Until very recently, the vast majority of Fog Creek's devs came through the internship program. Which is restricted to people who are going back to school afterwards (and, with a few exceptions, is only for undergrads).


Worse: they demand that you can code, and don't consider it their problem to teach you how to do that.

Anyway I thought it was well established that years of experience is a bullshit measurement anyway and you should just apply no matter what - worst thing happens, you end up getting hired.


The worst that happens is that you have a bunch of go-nowhere time-wasting interviews with people who can't properly evaluate you anyway.

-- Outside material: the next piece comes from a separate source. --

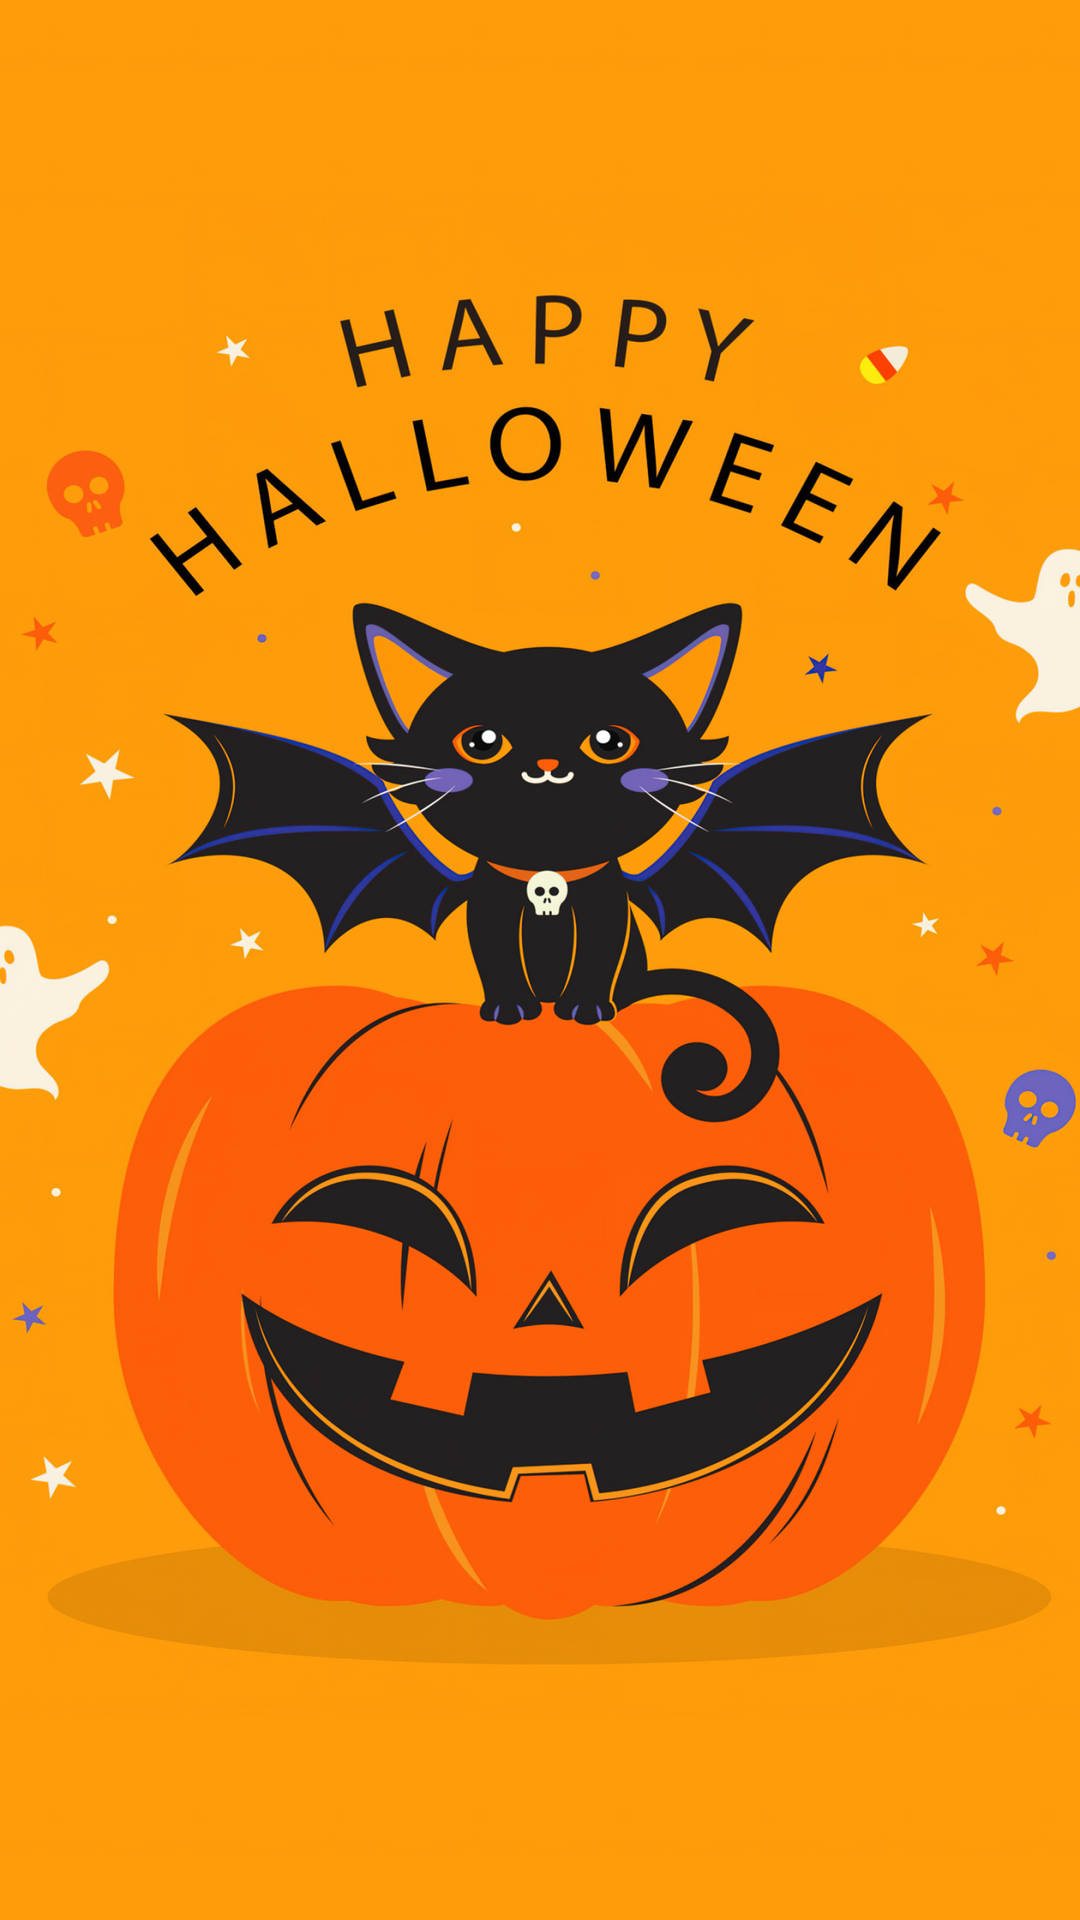 "Celebrate Happy Halloween with a spooky greeting" Wallpaper
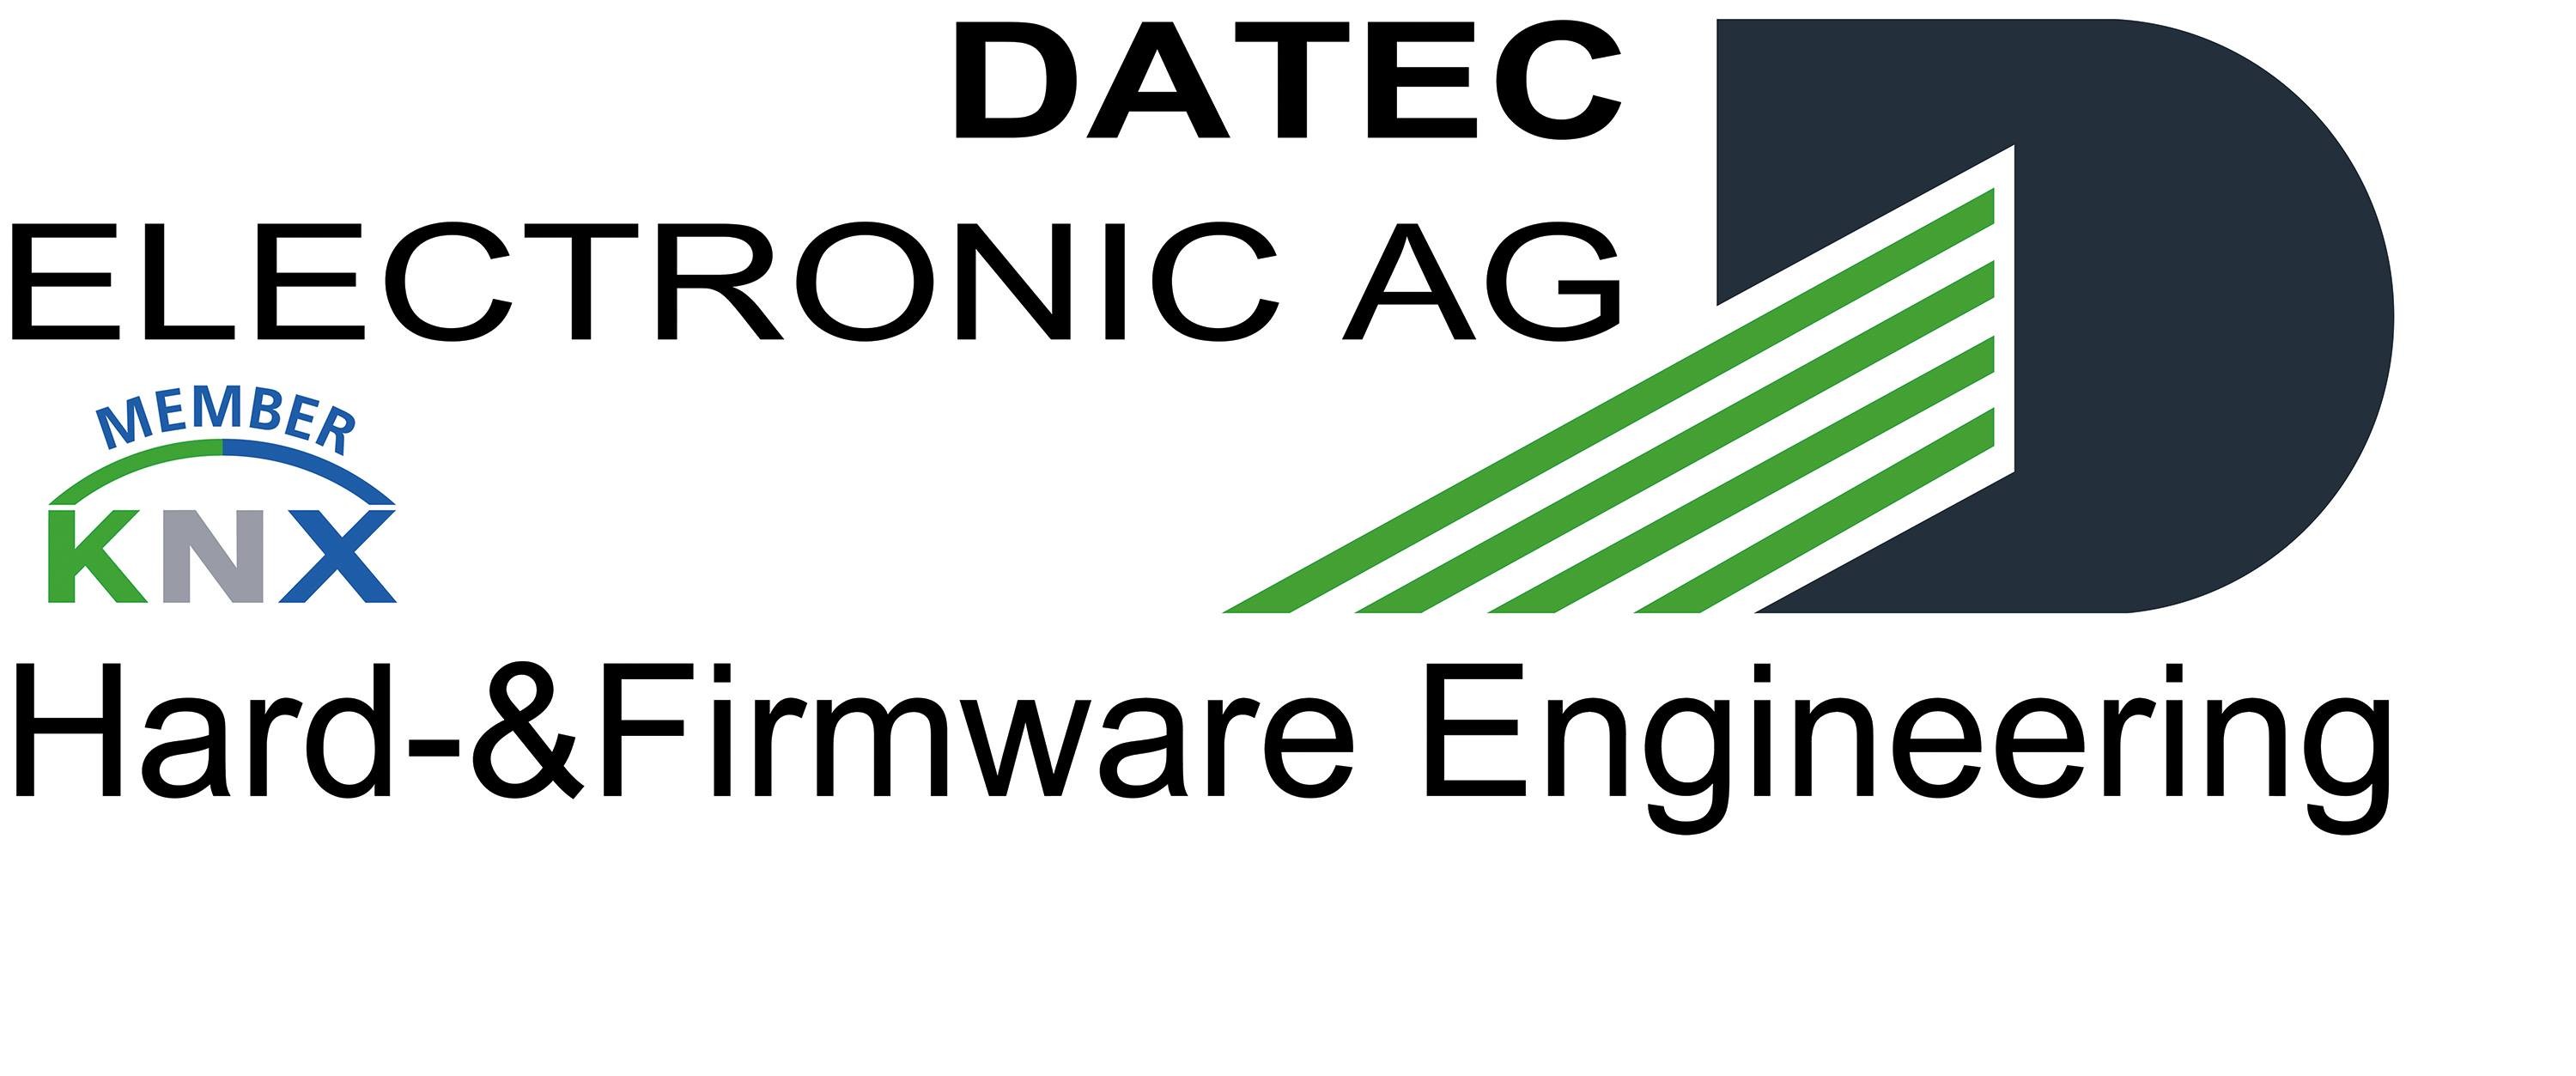 DATEC ELECTRONIC AG

That time is certainly valuable to me.


That would be bad, but consider the time wasted if you ended up being hired by them.


I agree.

Personally, I can handle all sorts of adversarial situations, but I've never done well with "rigorous" interviews. I think I was raised to be humble and that's built into my DNA, but the business world embraces overpromise/underdeliver.

At the same time, I've successfully managed large teams, budgets, interfaced with super-high level people and negotiated hard-nosed deals. I gotten myself into these roles by other means -- 90% of interviews that I have done have been formalities.

IMO, that's a symptom of a bigger problem, as what you do has more to do with where you are and who you know than any other factor.


It's why I switched to a PM role. I miss programming every day, but I hate the thought of doing another stupid technical interview.


Not all companies require them if you have decent experience. My friend interviewed with several companies and flat out told them "I don't do code tests anymore, my experience should speak for itself." Obviously your milage will vary but he ended up in a good position at a large well known company.

Edit: Also if you have a connection into the company that can vouch for you, that will work as well. The best coding test that can be administered is "yeah I've worked with this guy before and he's a good developer."


As I often say, interviews based on the final year algorithms and datastructures exam are just a way to sneak ageism under the HR radar.


What final year algorithms and data structures exam are you referring to?


Questions like pruning a red-black tree or manipulating a linked list on a whiteboard.


Actually I was more curious about the final year exam itself. Is this required in some schools? I have never heard of such a thing in colleges in the US.


No algorithms and datastructures in CS??


i can only imagine people who work at Google are some sort of interview ninjas.


I disagree. How many people actually do the bare minimum and work their way through Cracking the Code Interview, and make sure they know all of the material covered by those questions? I think having that would do a long way towards proving oneself in the tech interviews.